England has long been known as Perfidious Albion. Perfidy is treachery. Therefore, that’s a title that the English, and then British, Establishment have earned many times over as they reneged on one treaty after another, one agreement on top of the last. The Belfast Agreement is no different.

The brief uprising in Belfast over the removal of bonfire material in Republican areas should not be viewed solely as a reaction to one or two localized incidents. Instead, it should be understood to be a predictor of what is waiting not too far down the line, should the current trend of discrimination against Republicans and Nationalists continue.

Whether that discrimination is in the matter of current internment, abuse of POW’s, harassment of Republicans, funneling of public funds into the coffers of Unionist paramilitaries, facilitating Unionist corruption in political life, granting immunity to Unionist’s involved in racism and sectarian bigotry, granting immunity to British soldiers guilty of crimes including murder, withholding investment in Republican areas that suffer from social deprivation (such as those areas where the recent trouble arose), withholding information that would provide answers to those families who lost loved ones to British collusion, encouraging and facilitating Orange (and therefore sectarian) ‘culture’, or in general maintaining a clear bias against the Republican and wider Nationalist community, it must be highlighted and opposed.

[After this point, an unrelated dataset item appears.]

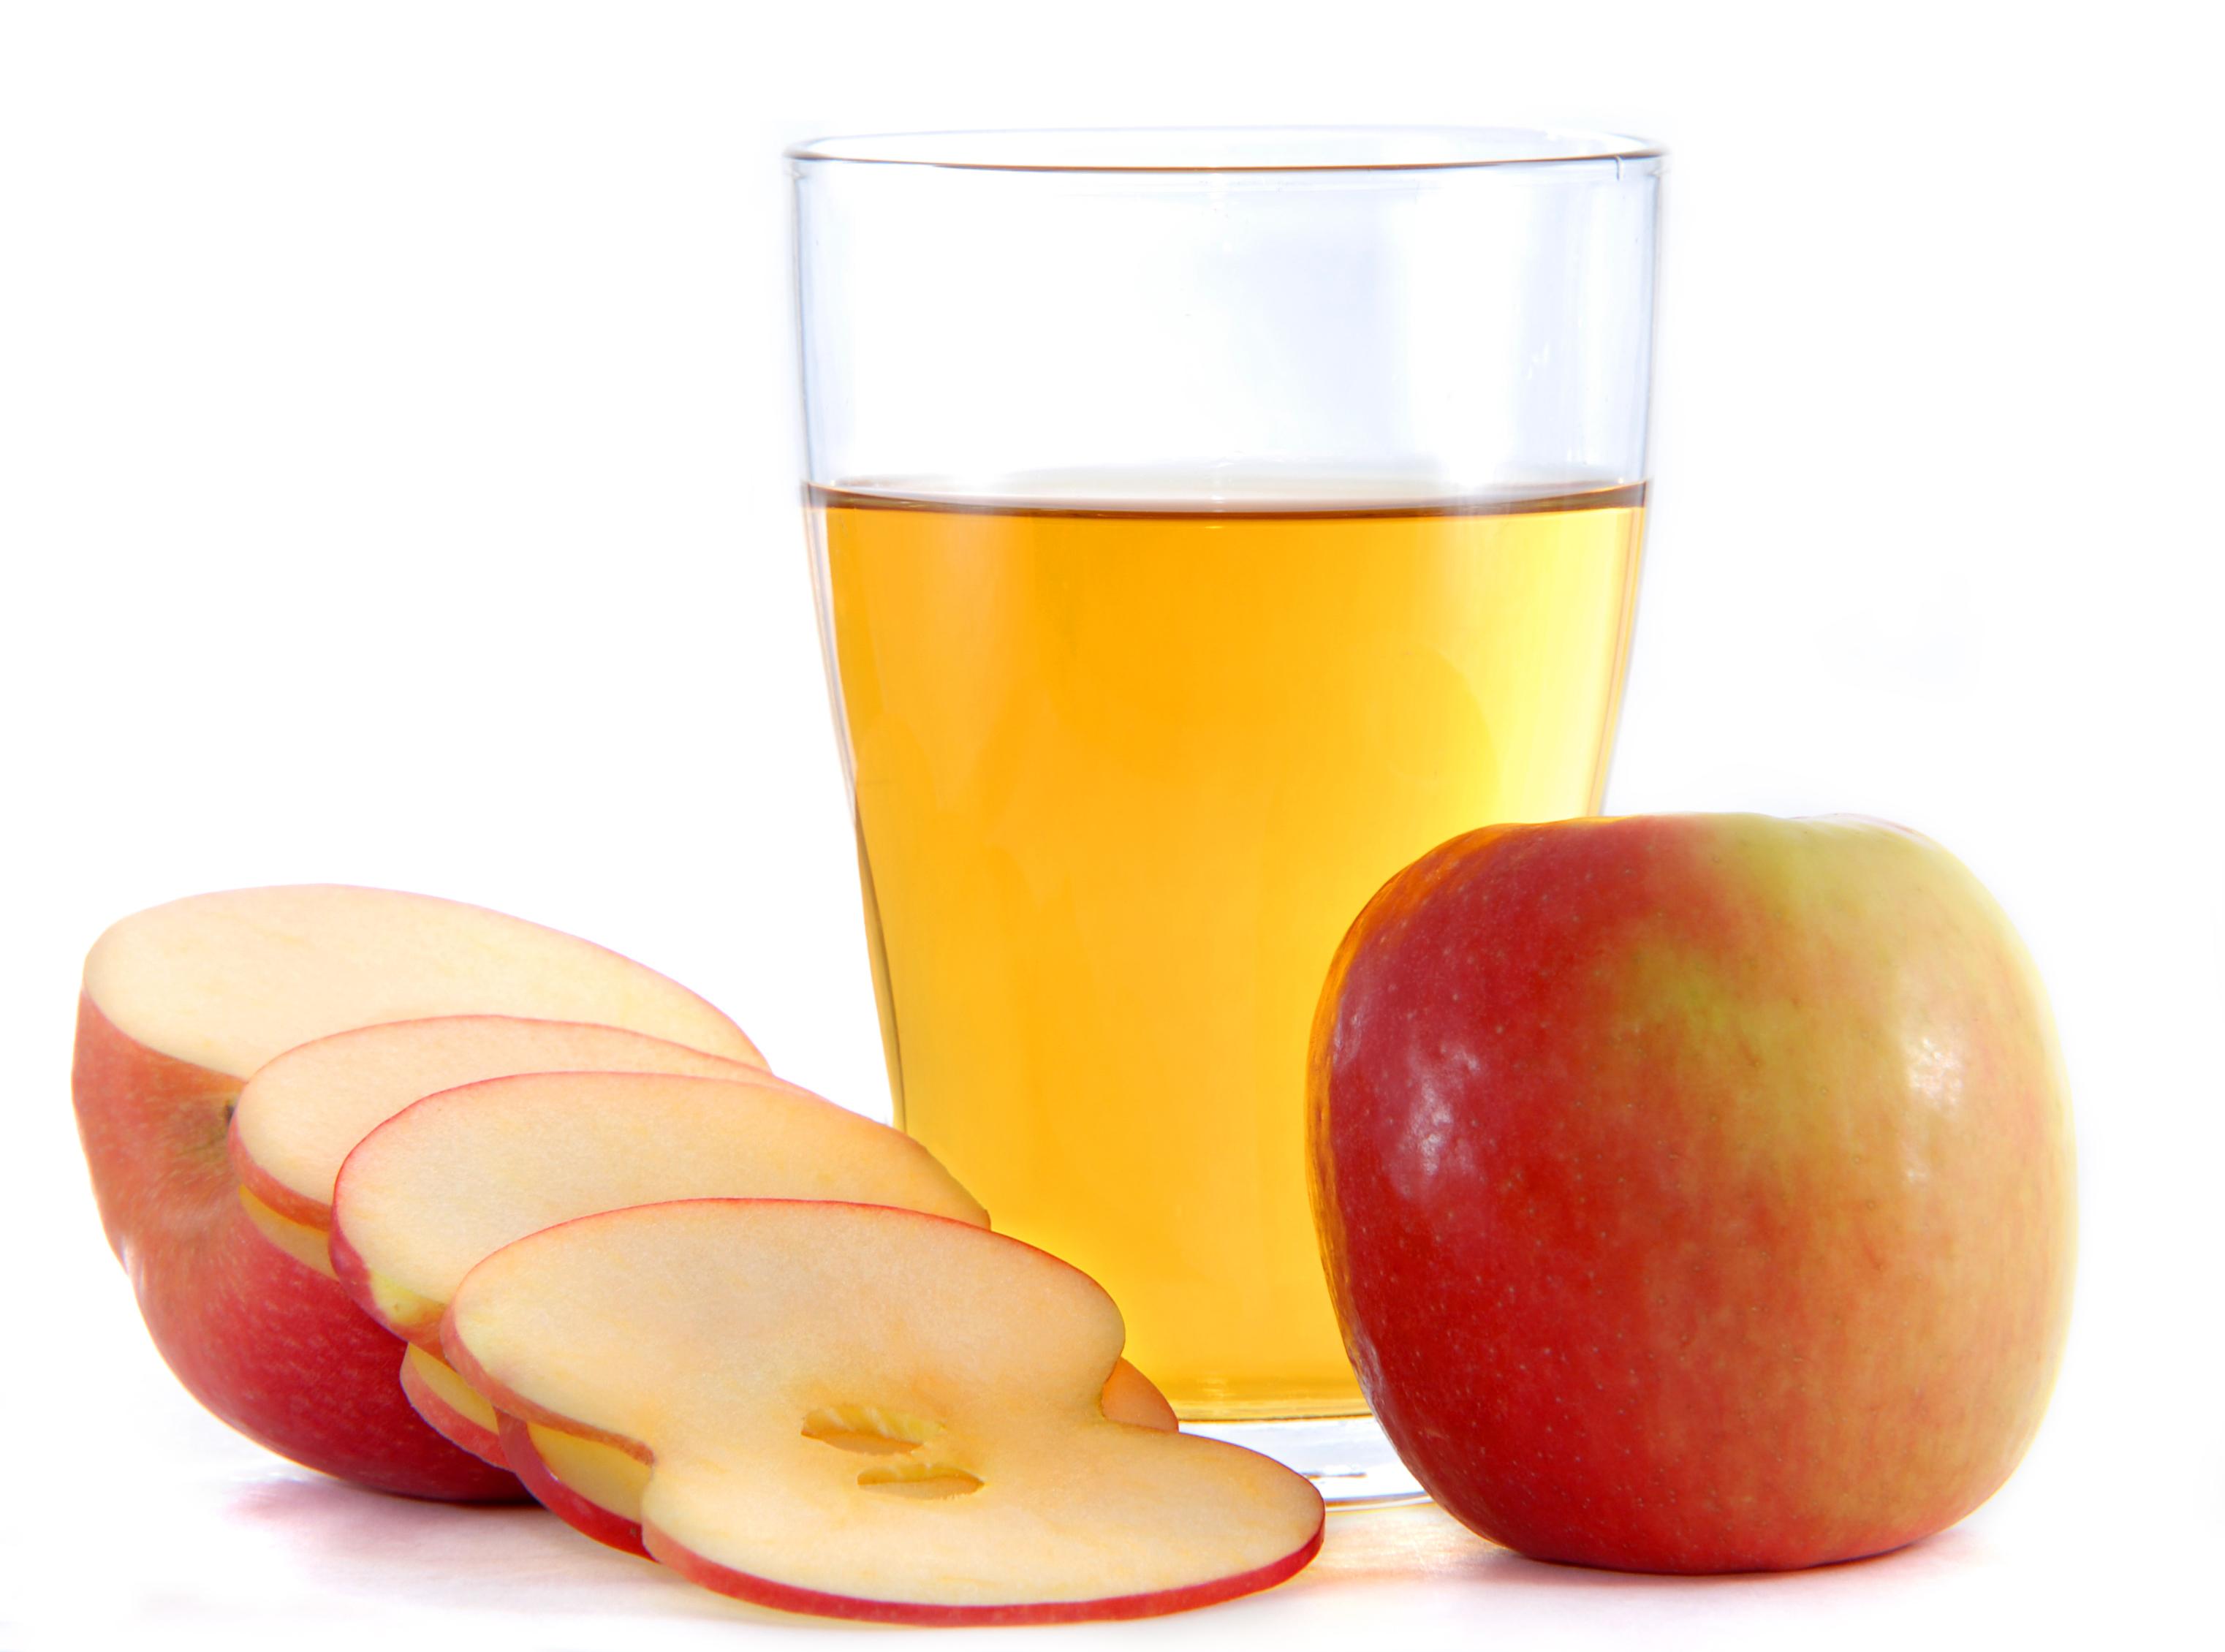 Apple cider vinegar to treat bug bites that blister

Nationalist politicians, most especially those in Sinn Féin, must be made to see that wishing upon a colonial star is not going to bring equality, let alone free our land. The Tories need to be called out, as do the leaders of Unionism. They should be given no quarter as we can be certain that they, in keeping with their traditions and culture, will afford us none.

So let’s all have a large slice of parity of esteem. It just might be that the leaders of Unionism will choke.